# What is being asked
Below this line is a listing that includes pictures. Copy exactly, and only, the lines from the one containing "STANCE 'Gemini' Over" through the one containing "Contigo-24-oz-Chug-Autospout-Leak-Proof-Water-Bottle miniatuur 5"; the pictures do not go in the copy.

# Supplied material
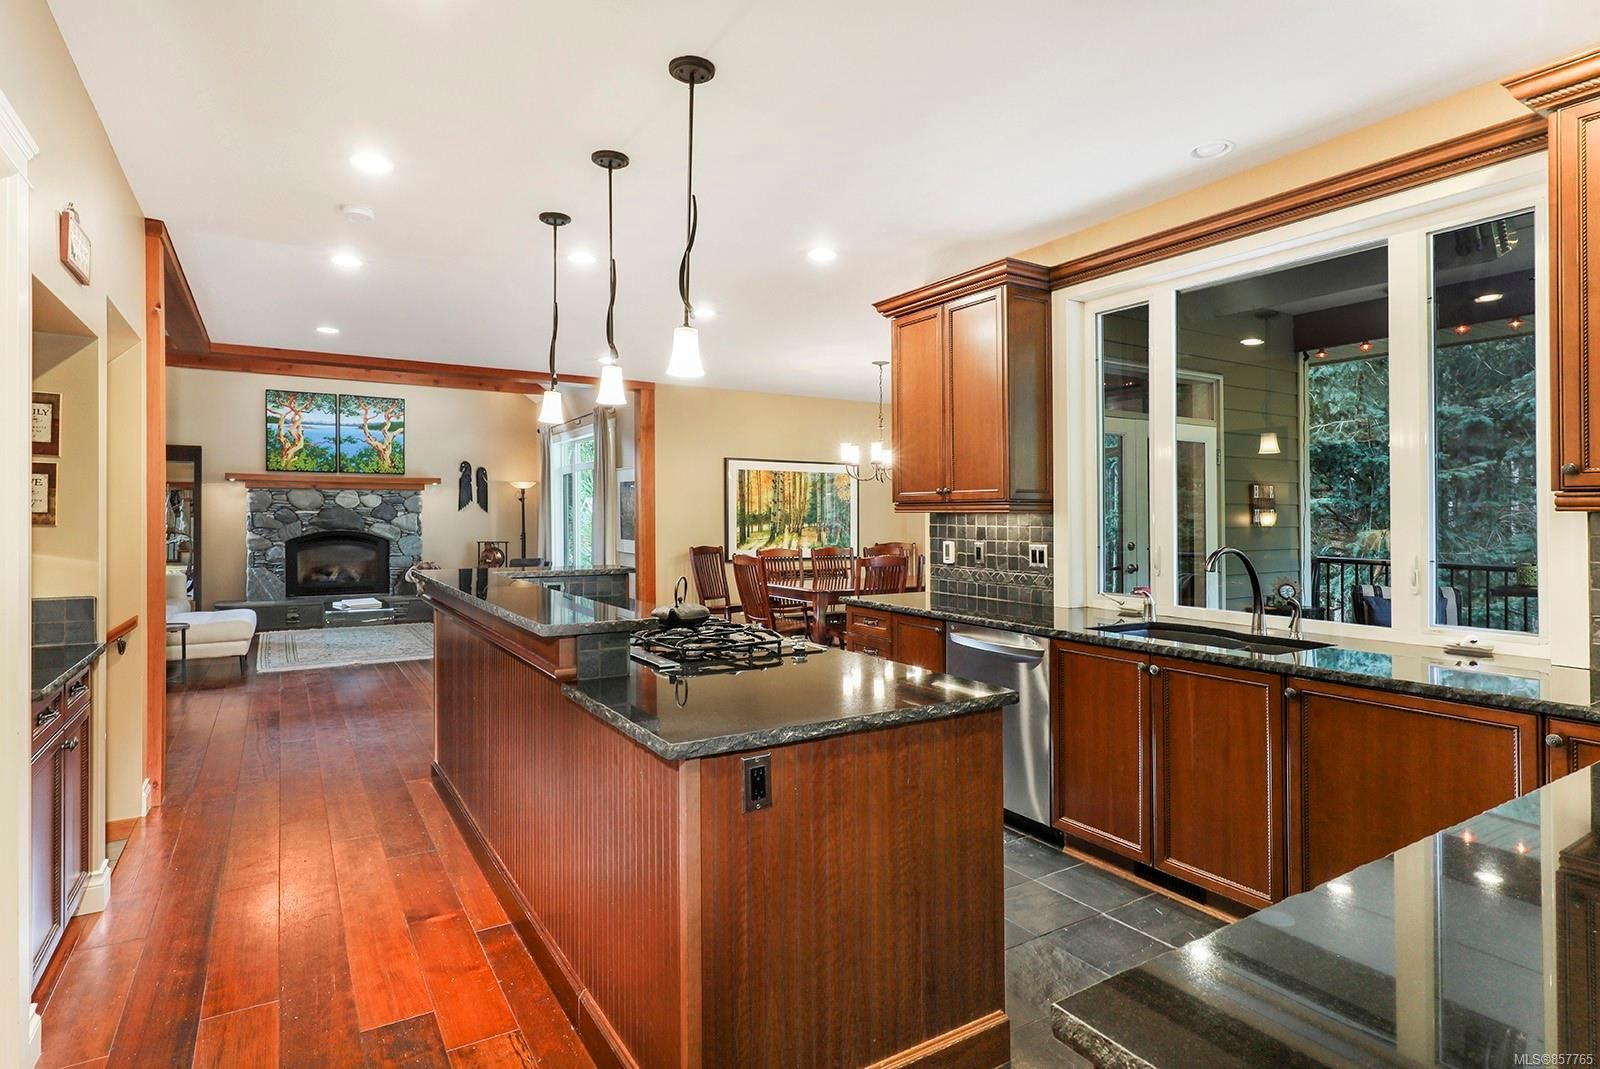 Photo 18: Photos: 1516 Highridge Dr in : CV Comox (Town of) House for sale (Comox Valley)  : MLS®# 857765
* * *
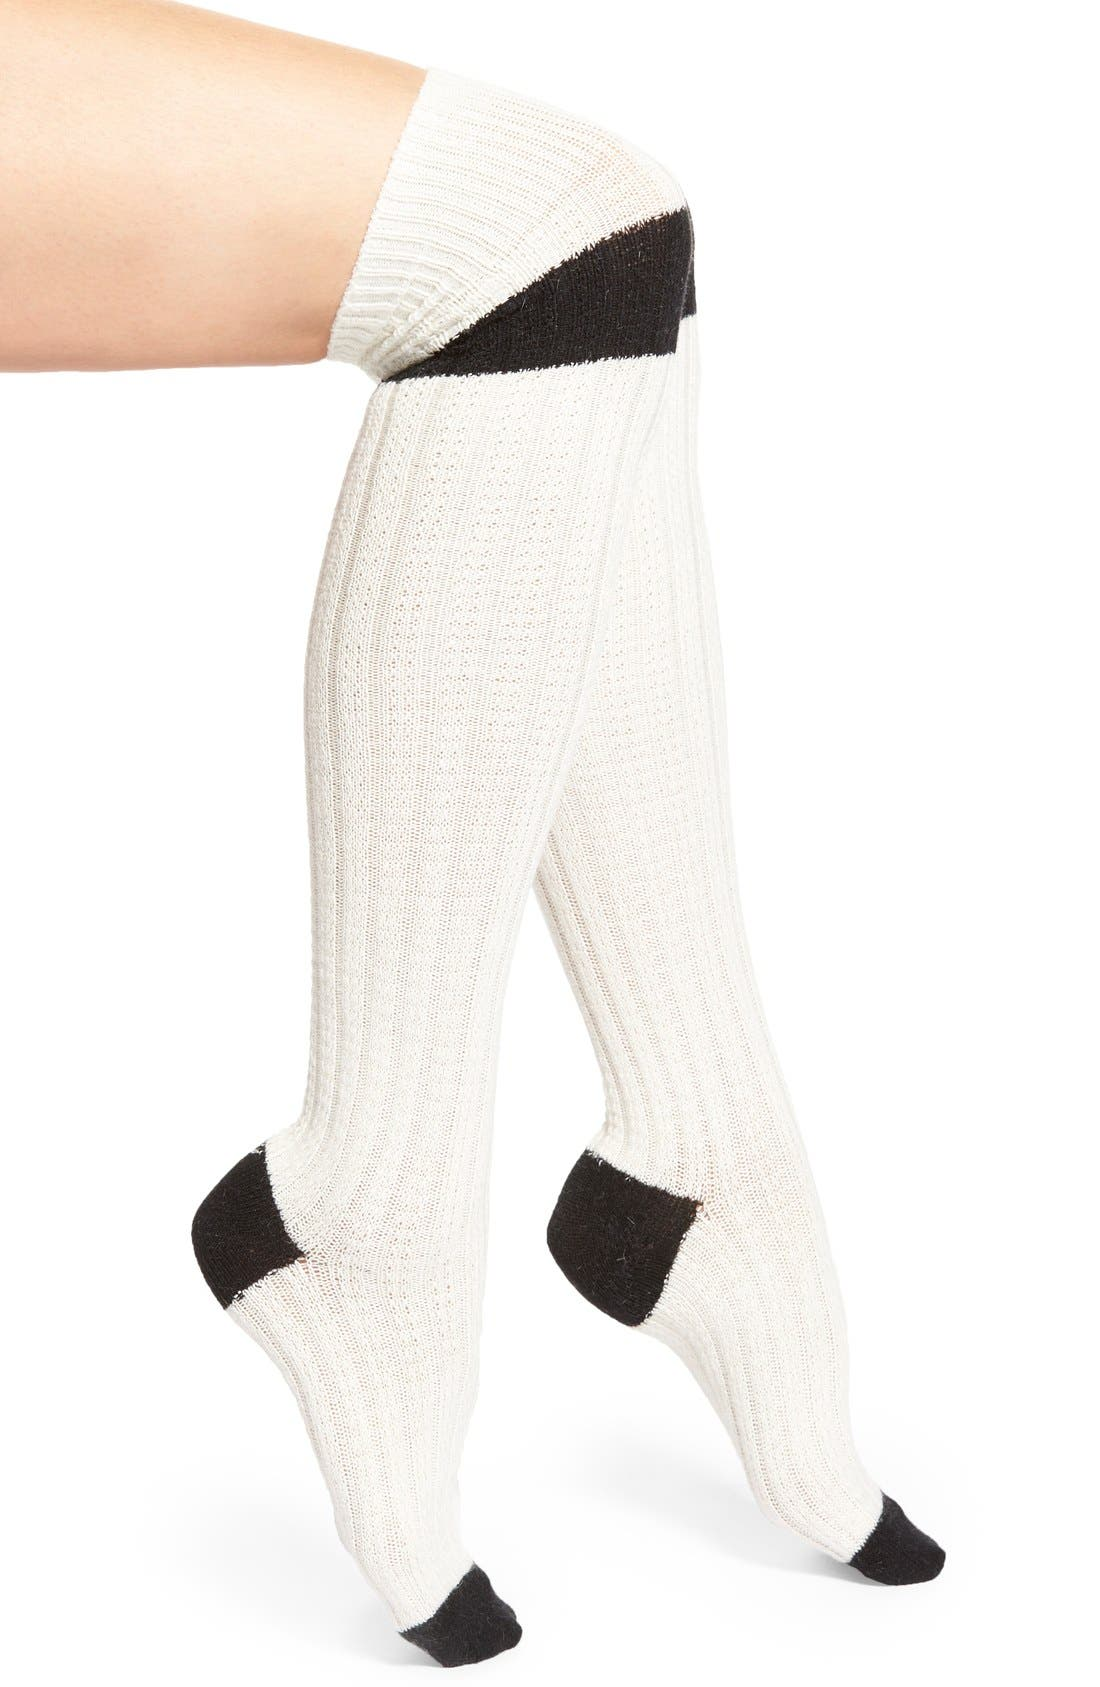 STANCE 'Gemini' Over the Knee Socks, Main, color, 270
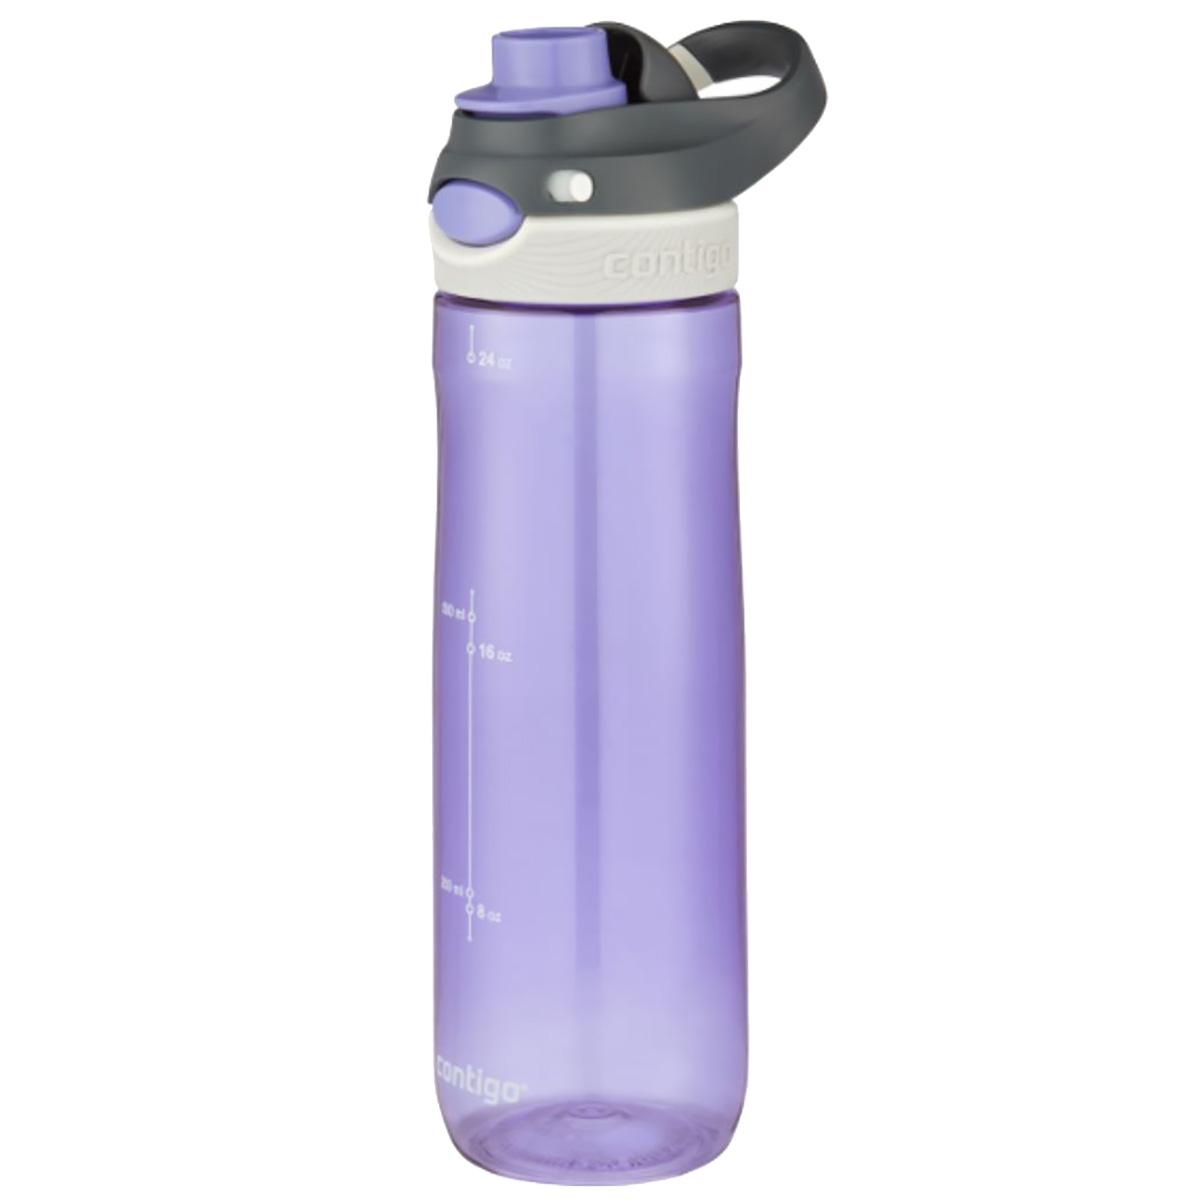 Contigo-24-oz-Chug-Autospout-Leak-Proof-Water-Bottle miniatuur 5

# The completed task
 STANCE 'Gemini' Over the Knee Socks, Main, color, 270
 Contigo-24-oz-Chug-Autospout-Leak-Proof-Water-Bottle miniatuur 5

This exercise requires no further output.